The comparative steel W-2 had a long holding time during the first stage annealing during the two-step annealing, and the productivity decreased. The comparative steel X-2 has a low holding temperature during the second stage annealing during the two-step annealing, and the amount of carbides at the grain boundaries cannot be increased because the austenite generation amount is small, resulting in a decrease in cold workability. did.

The comparative steel AB-2 has a high holding temperature during the second stage annealing of the two-step type box annealing, and the dissolution of carbides is accelerated, so that the remaining carbides are reduced, and the pearlite transformation occurs in the structure after the slow cooling. Could not be suppressed, and cold forgeability was reduced.

The comparative steel P-2 has a low holding temperature during the second stage annealing of the two-step type box annealing, a small amount of austenite is generated, and the number ratio of carbides at the ferrite grain boundaries cannot be increased. Inter-workability decreased. The comparative steel Y-2 has a long holding time during the second stage annealing of the two-step type box annealing, and the dissolution of carbides is accelerated, so that the remaining carbides are reduced, and the pearlite transformation occurs in the structure after the slow cooling. Could not be suppressed, and cold forgeability was reduced.

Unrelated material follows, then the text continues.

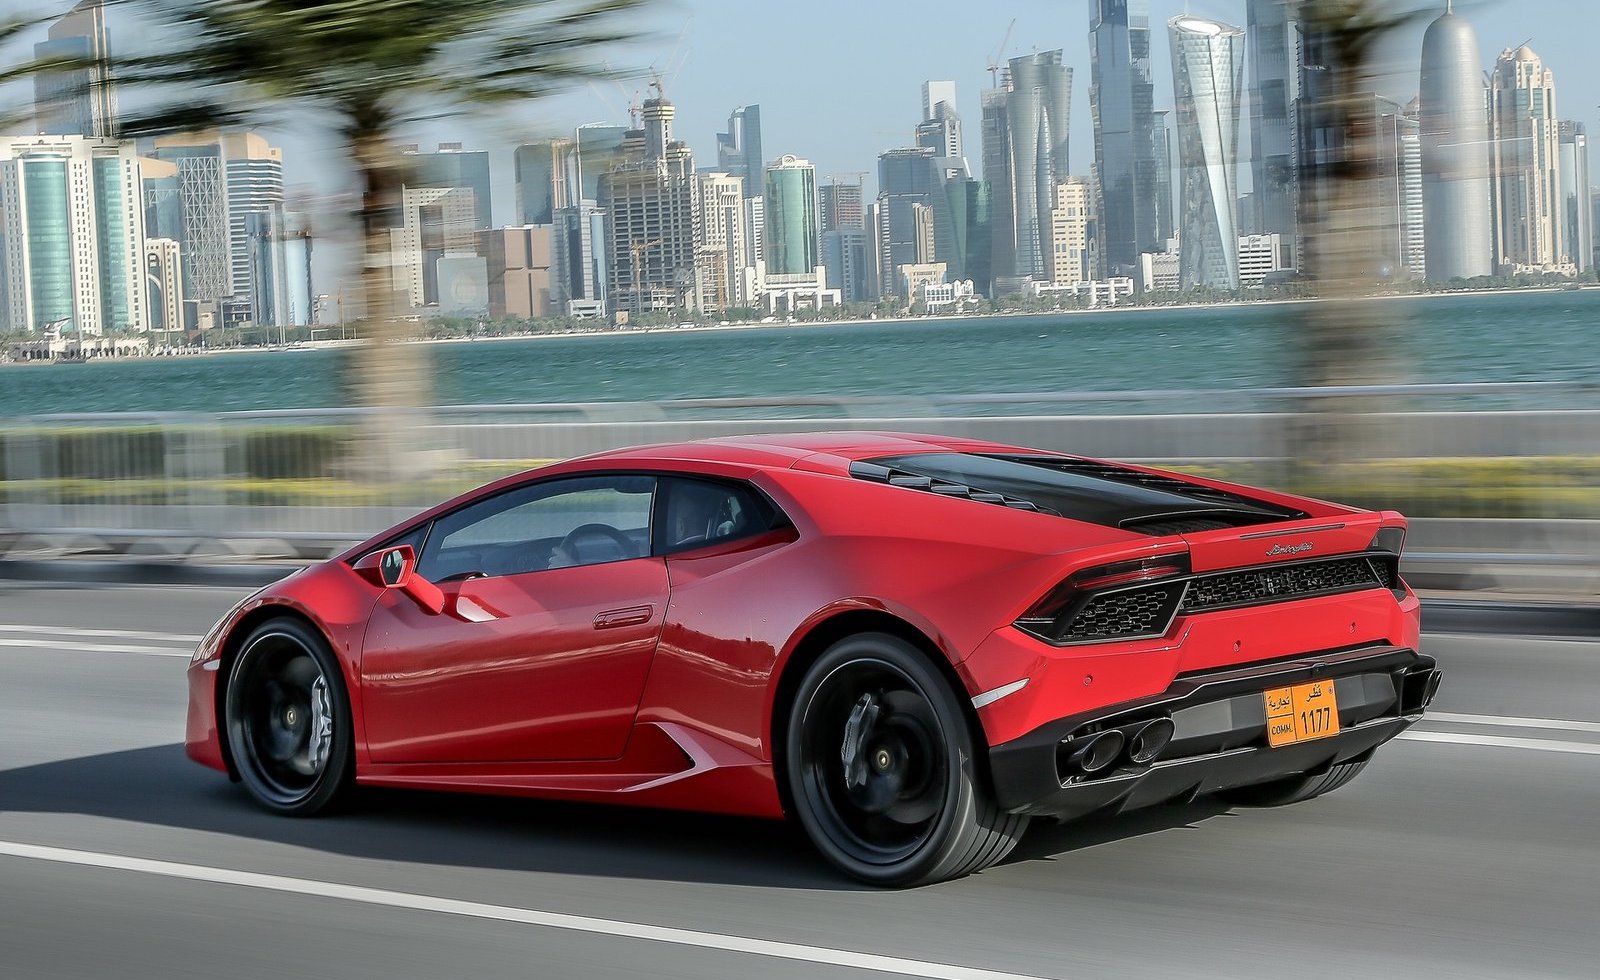 UK tourist in Dubai racks up $64k in speeding fines in Lamborghini

Comparative steel D-2 had a high cooling rate from the end of the second stage annealing of the two-step type box annealing to 650 ° C., and pearlite transformation occurred during cooling, resulting in a decrease in cold workability.

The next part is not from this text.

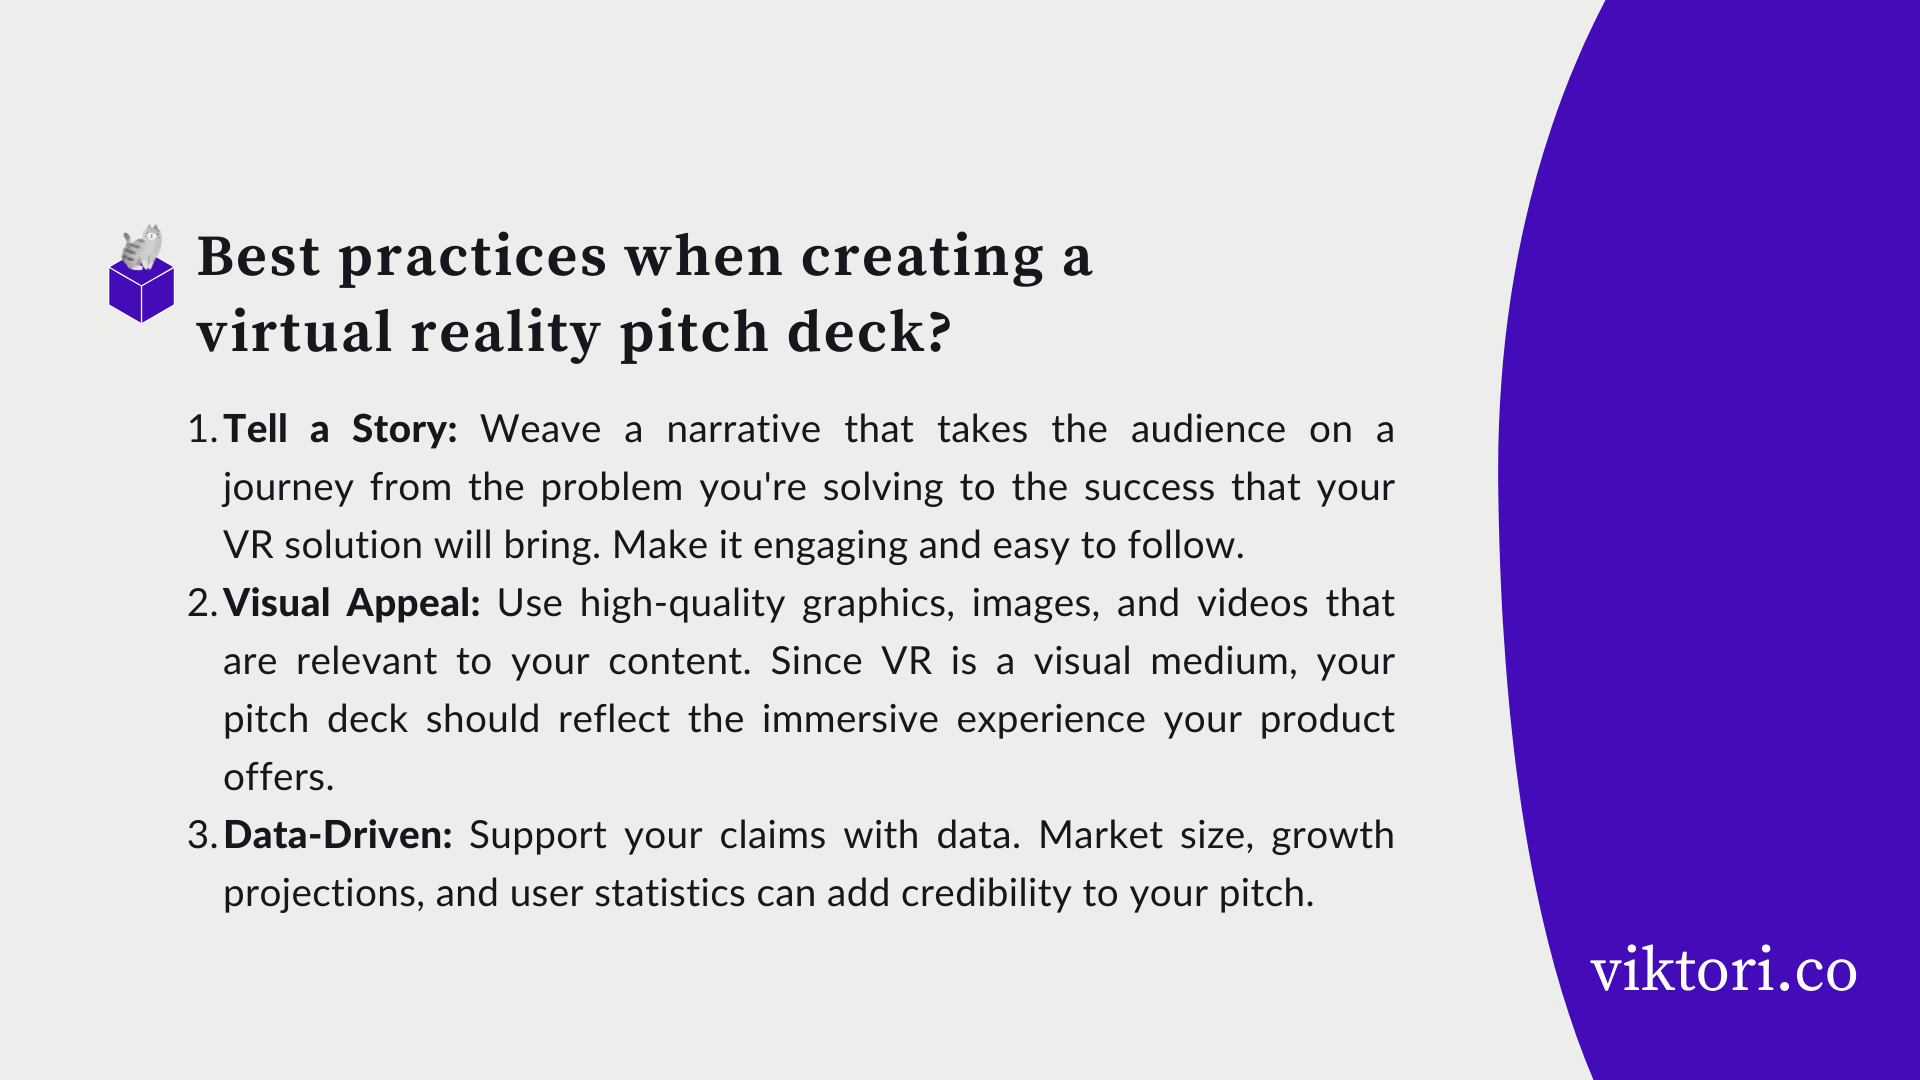 vr pitch deck best practices

As described above, according to the present invention, it is possible to manufacture and provide a steel sheet having excellent formability and wear resistance. Since the steel sheet of the present invention is a steel sheet suitable as a material for automobile parts, blades, and other machine parts manufactured through processing steps such as punching, bending, and pressing, the present invention has industrial applicability. It is expensive.

Claims (3)

1. % By mass
   C: 0.10 to 0.40%,
   Si: 0.01 to 0.30%,
   Mn: 1.00 to 2.00%,
   P: 0.020% or less,
   S: 0.010% or less,
   Al: 0.001 to 0.10%,
   N: 0.010% or less,
   O: 0.020% or less,
   Cr: 0.50% or less,
   Mo: 0.10% or less,
   Nb: 0.10% or less,
   V: 0.10% or less,
   Cu: 0.10% or less,
   W: 0.10% or less,
   Ta: 0.10% or less,
   Ni: 0.10% or less,
   Sn: 0.050% or less,
   Sb: 0.050% or less,
   As: 0.050% or less,
   Mg: 0.050% or less,
   Ca: 0.050% or less,
   Y: 0.050% or less,
   Zr: 0.050% or less,
   La: 0.050% or less,
   Ce: a steel plate containing 0.050% or less, the balance being Fe and inevitable impurities,
   The ratio of the number of carbides in the ferrite grain boundary to the number of carbides in the ferrite grains of the steel sheet is more than 1,
   The ferrite grain size is 5 μm or more and 50 μm or less, and the area ratio of pearlite is 6% or less,
   A steel sheet, wherein the steel sheet has a Vickers hardness of 100 HV or more and 170 HV or less.
2. Instead of a part of the Fe,
   Ti: 0.10% or less, and B: 0.010% or less,
   The steel plate according to claim 1, comprising one or two of the following.
3. It is a manufacturing method which manufactures the steel plate according to claim 1 or 2,
   The steel slab having the component composition according to claim 1 or 2 is subjected to hot rolling to complete finish rolling in a temperature range of 750 ° C. or higher and 850 ° C. or lower to obtain a hot-rolled steel plate,
   Winding the hot-rolled steel sheet at 400 ° C. or higher and 550 ° C. or lower,
   Pickled hot rolled steel sheet,
   The pickled hot-rolled steel sheet is annealed in the first stage for holding in the temperature range of 650 ° C. to 720 ° C. for 3 hours to 60 hours,
   Second-stage annealing is performed to hold the hot-rolled steel sheet in a temperature range of 725 ° C. to 790 ° C. for 3 hours to 50 hours,
   A method for producing a steel sheet, comprising: cooling a hot-rolled steel sheet after annealing to 650 ° C. at a cooling rate of 1 ° C./hour to 30 ° C./hour.